# Fat upper pubic area.



## Glitter_berry

OMG has anybody else experienced this. I have a fat hooha now. Why? Everything on the net says this will only go away with surgery? I can't afford surgery and even if I could I could spend that money on better things. 

Had anybody else had this happen in pregnancy and had it go away / lost weight there. :'( 

I know my husband doesn't mind. But I do. And I know there could be worse things, but its made me so self conscious. 
It's like pudgy fat on my pubic bone.


----------



## Foxy37

Do u mean it's swollen down there? xx


----------



## Glitter_berry

No it's not swollen or tender. 

It's just like the " triangle bit" where your pubic hair grows is fat :O 
I noticed it a bit after dd, but I put on weight everywhere so wasn't concerned. 

But then I was watching a program on TV ( embarrassing bodies) and this lady had a fat mons pubis. And I'm like ahh I don't want mine to ever get that bad!!


----------



## Moom7900

I'd say if it appeared during pregnancy, it should go away afterwards. Mine doesn't look much different, but that area kind of feels fat and swollen right now!! It's probably just the extra blood and pressure down there, or maybe pregnancy fat stores? I know you sometimes see people get extra fat there, but I'd say once the weight/pressure was gone it should go back to normal? 
I know that normally when I am due on my period, the whole area can feel swollen and uncomfy, and that's just due to extra blood etc.
It did make me smile tho that you said you have a fat hooha :D the joys of pregnancy!! 

XxxxxxxxxX


----------



## Glitter_berry

Moom7900 said:


> I'd say if it appeared during pregnancy, it should go away afterwards. Mine doesn't look much different, but that area kind of feels fat and swollen right now!! It's probably just the extra blood and pressure down there, or maybe pregnancy fat stores? I know you sometimes see people get extra fat there, but I'd say once the weight/pressure was gone it should go back to normal?
> I know that normally when I am due on my period, the whole area can feel swollen and uncomfy, and that's just due to extra blood etc.
> It did make me smile tho that you said you have a fat hooha :D the joys of pregnancy!!
> 
> XxxxxxxxxX

Thank you. I feel a little less paranoid now. 
And
Ha ha if that made you giggle then wait till I tell you why my husband is glad I now use this forum. 

Earlier in my pregnancy when my uterus was starting to stretch I felt alot of pressure down there and was convinced my hooha was FALLING OUT. Instead of simply asking on here it anybody else had pressure down there. I called my husband in and made him check that everything was still where it should be. 

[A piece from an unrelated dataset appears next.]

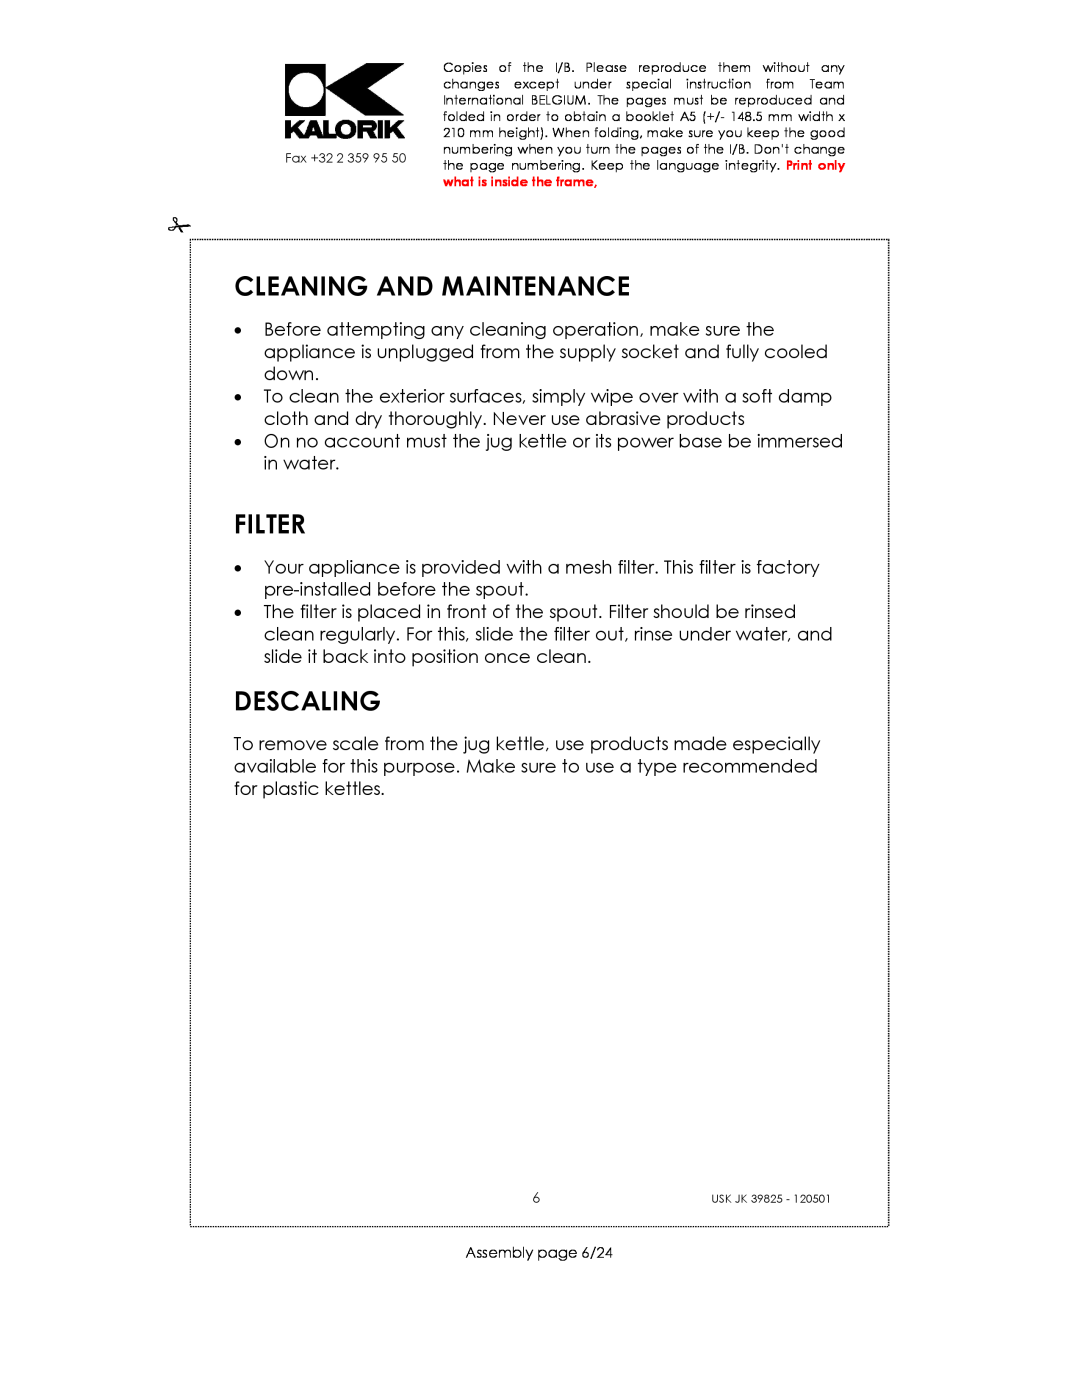 Kalorik JK 39825 manual Cleaning And Maintenance, Filter, Descaling, Assembly page 6/24

( being on pelvic rest he wasn't too happy because nothing else come of it after we reassure everything was just fine :haha: )


----------



## Foxy37

i wish i could see mine lol xxx


----------



## Amsan

Foxy37 said:


> i wish i could see mine lol xxx

That's what I was thinking! Lol


----------



## Foxy37

i shave blind (not litterally )lol . I have thought about asking my oh to do it for me but i remember the state we got into when he waxed me once for a laugh . The waxing strip got stuck to my vag lip and thigh at the same time pmsl . So thinking of him with a razor isa little scarey xx


----------



## Moom7900

Ha you ladies are funny!! Glitter-berry, I can just imagine my husband's face if I asked him to have a good look down there, but no sex allowed :D he would, bless him, but I think he'd get frustrated :D 

And Foxy37, I just crossed my legs at the thought of having a wax strip stuck there!! I wouldn't let myself there with a wax strip, I'd probably stick it on the wrong bit and pull the lot off haha :) xxxxxxxx


----------



## qt_nurse

I've got that too glitter_berry, but I always have had it, even when I lost loads of weight... We all hang on to fat in different spots! If you just got it when you had your dd then maybe it will go away after this one and weight loss?


----------



## Princess Lou

I had this problem when I gained weight and rest assured that it DID go away when I lost weight. Assuming it is fatty tissue, it's no different to gaining weight on your abdomen, thighs, arms etc. Joys of pregnancy.


----------



## waitingfor

I think I got it last time although I couldn't see! After giving birth I noticed it was covered in stretch marks, just like my tummy, so I assume it got much bigger at some point! It didn't look/feel any fatter to me so it must have gone back to normal.


----------



## Ninagrrl

I've gained a little bit of weight there and am overweight anyway. Now that I'm starting to lose weight is actually worse because the skin is all loose and I can't do toning exercises to fix it until after baby is born. Anyway, it get bigger for me during pregnancy, and not swollen either, it is like an extension of the baby fat around my baby bump that I gain during pregnancy. Some is due to being overweight and it comes and goes with pregnancy and weight loss. The worst thing right now is that this skin folds over at my c-section scar and on hot days, moisture gets trapped and I get heat rashes.. and it's horribly painful.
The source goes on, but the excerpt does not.